Detecting Significant Changes In Your Data
For statisticians, significance is an essential but often routine concept. For those who don’t remember the details of college statistics courses, significance is a nebulous concept that lends magical credence to whatever data it describes. Sometimes you make a change in your paid search program, watch the data come in, and want to claim that numbers are improving because of your initiative.
How can you support this claim? Can you discredit the possibility that the apparent improvement is just noise? How can you apply that authoritative label of “significant”?
Here I’d like to walk you through a basic test of significance that you can use to de-mystify changes in your paid search data.
If you’d like to skip the math, click here.
Let’s start with a situational example… say you’ve added Google Site Links to your brand ads and you want to show that brand click-through rate (CTR) has improved as a result.
- First, you need to know what value brand CTR is potentially improving from. Let’s call this value mu (pronounced myoo), and you can choose it in a variety of ways: the average or median CTR over the past month, the average or median CTR from this time of year last year, etc. It should really be whatever value you believe CTR to truly center around.

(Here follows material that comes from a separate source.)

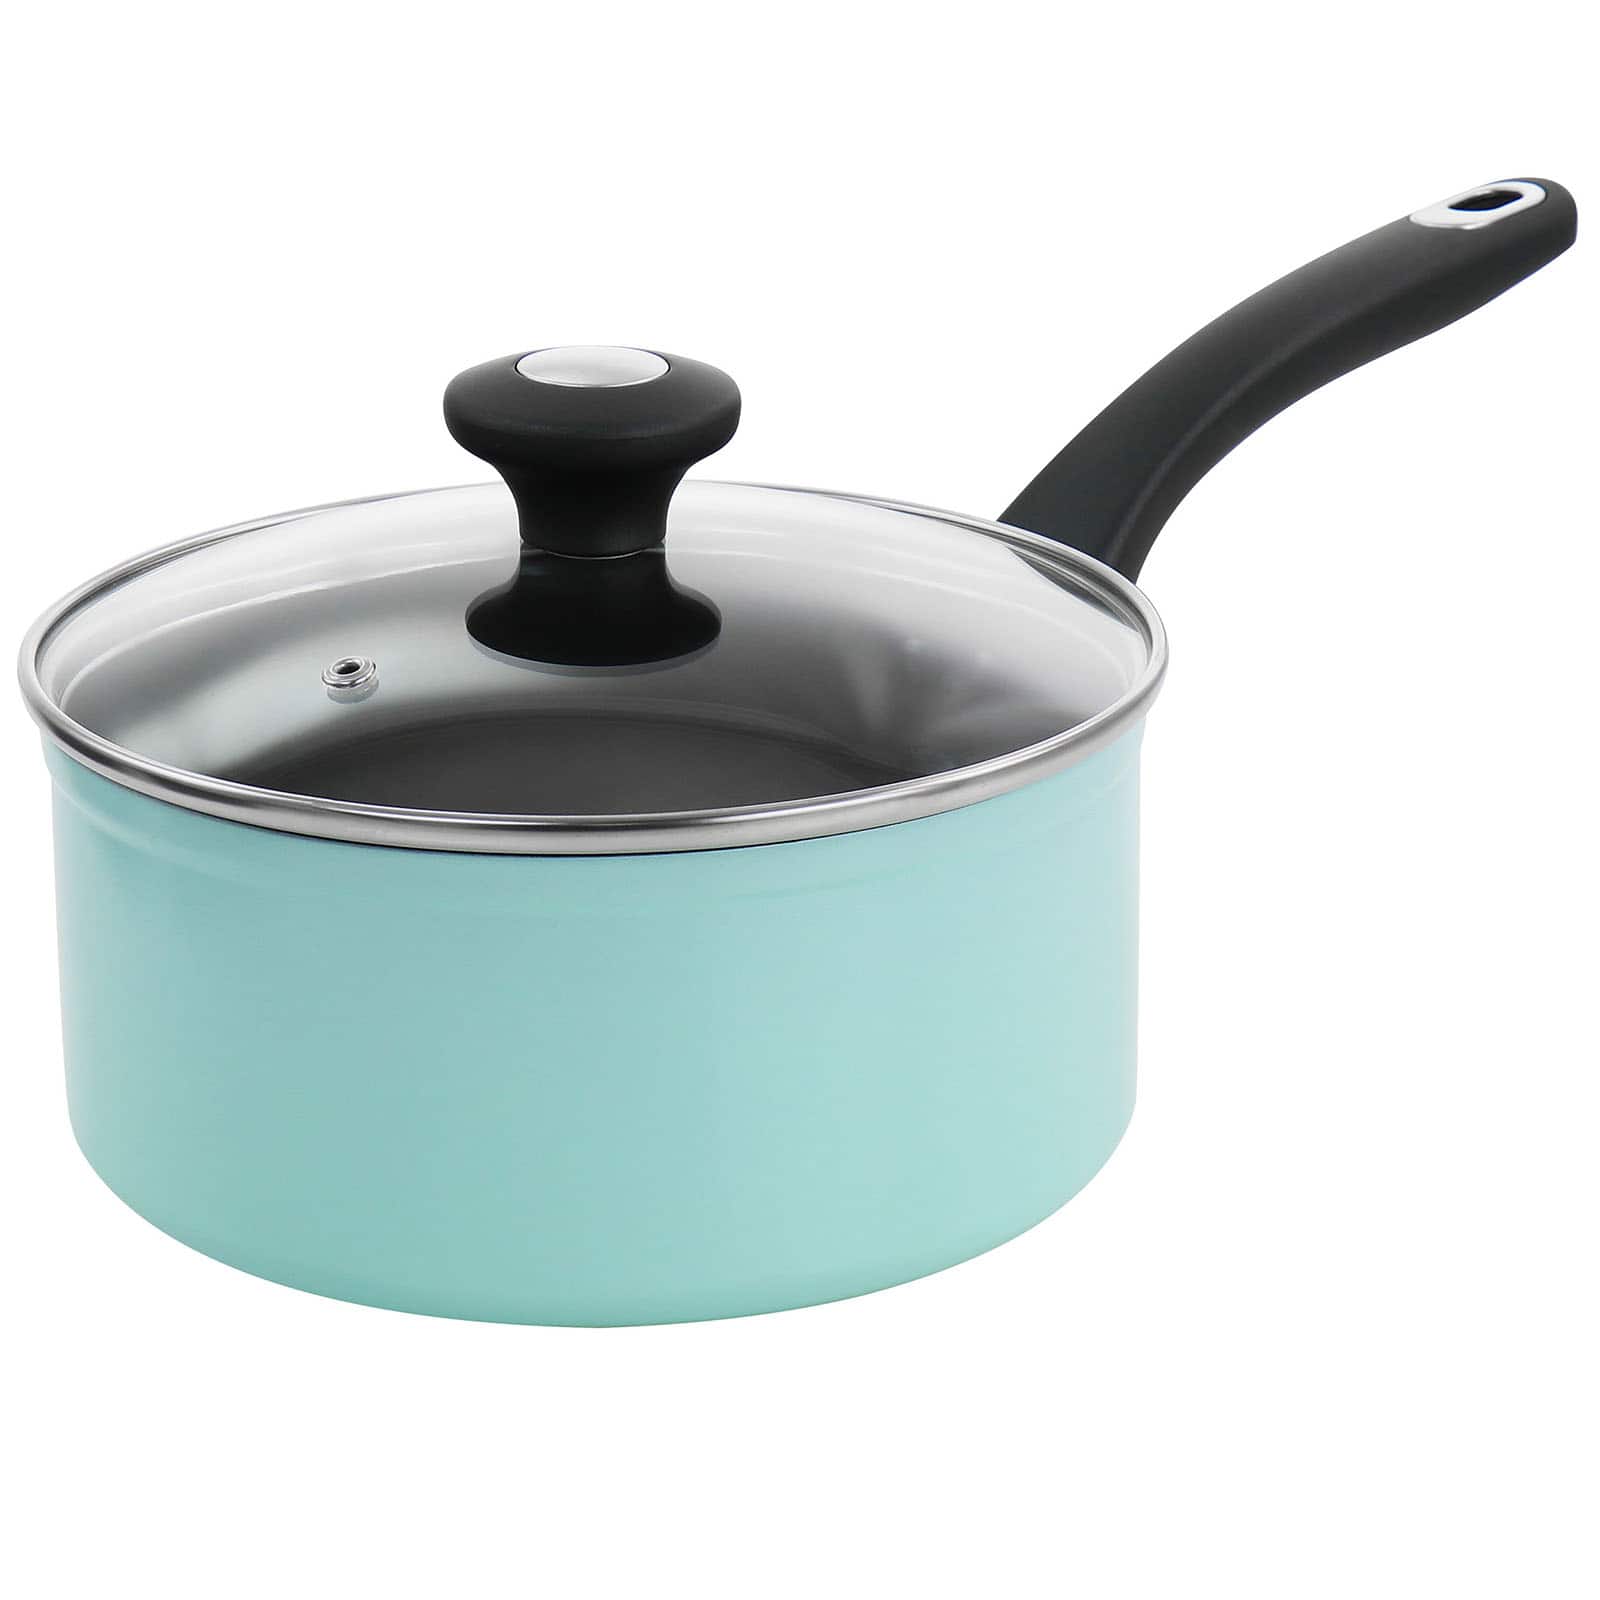 Saucepans at Everyday Low Prices

- Next, you need data points.That is, you need several days of CTR data since the Site Links have been running. How many days is up to you. Generally, more is better, but I’ll touch on that later. The number of days you have is n. Take the average of the CTRs from those days; this is called xbar. Lastly, take the standard deviation (excel function stdev) of these CTRs and call it s.
- Now we can compute a t-score, and with it, the probability that the change in CTR you’re seeing is or isn’t attributable to chance. Set t = |xbar – mu| / (s/squareroot(n)). Then use the function tdist in excel, and for the arguments, plug in t, n-1, and 1. The number that this function returns is the probability that the change in CTR is simply due to chance, aka noise. If this probability is very small, then we say CTR has changed significantly.
I’ve prepared an excel spreadsheet that handles the arithmetic. In this model, change the gray shaded cells to reflect your data. Enter the data that you think has fundamentally changed in column C. Only include data points since the change began. Then, in cell G2, enter the value from which you believe the data to have changed. That is, the average value of the data before the change.
The value p, produced in cell G7, is the probability that the change you’re seeing is only due to chance, and thus meaningless. Typically, a p-level must be below 5% to be considered significant. (If you want to be super, super sure, you can use 1% or 0.1% instead.) In other words, if your p-value is 5% or less, you can confidently say that the change in your data is real, definite, and due to something other than statistical noise. It’s a pretty safe bet that whatever initiative you took – whether it was switching landing pages, altering ad copy, or refining your bidding – was the catalyst for the improvement instead.
Allow me to fill in the spreadsheet with an example. For an imaginary online retailer, brand CTR hovers around 4.4%, so I fill in cell G2 with the value 4.4. The retailer enables Google Site Links, and CTRs for the 3 days afterward are 4.3, 5.2, and 5. So I enter those three data points into column C. And voila… the p-level comes back as 12.66%. This says that there is a 12.66% chance that the rise in CTR was due only to noise.
Not significant. Sorry, click-through-rates haven’t really increased, or at least, we can’t be very confident that the observed change is anything more than random noise.
But… three days is not much data. As smart analysts, we are cautious when examining trends over only a few days, and this significance test incorporates such wisdom. As the number of data points (n) you use increases, p-levels fall. For example, if all the numbers in the above example were the same except that you used 7 days instead of 3 (so n=7), the corresponding probability drops to 2.6%. In this instance, it’s very unlikely (2.6% unlikely) that the increase in CTR was due to noise, so here you can rather confidently say, “Yes, CTR has increased, and it wasn’t due to chance. It was probably due to the site links.”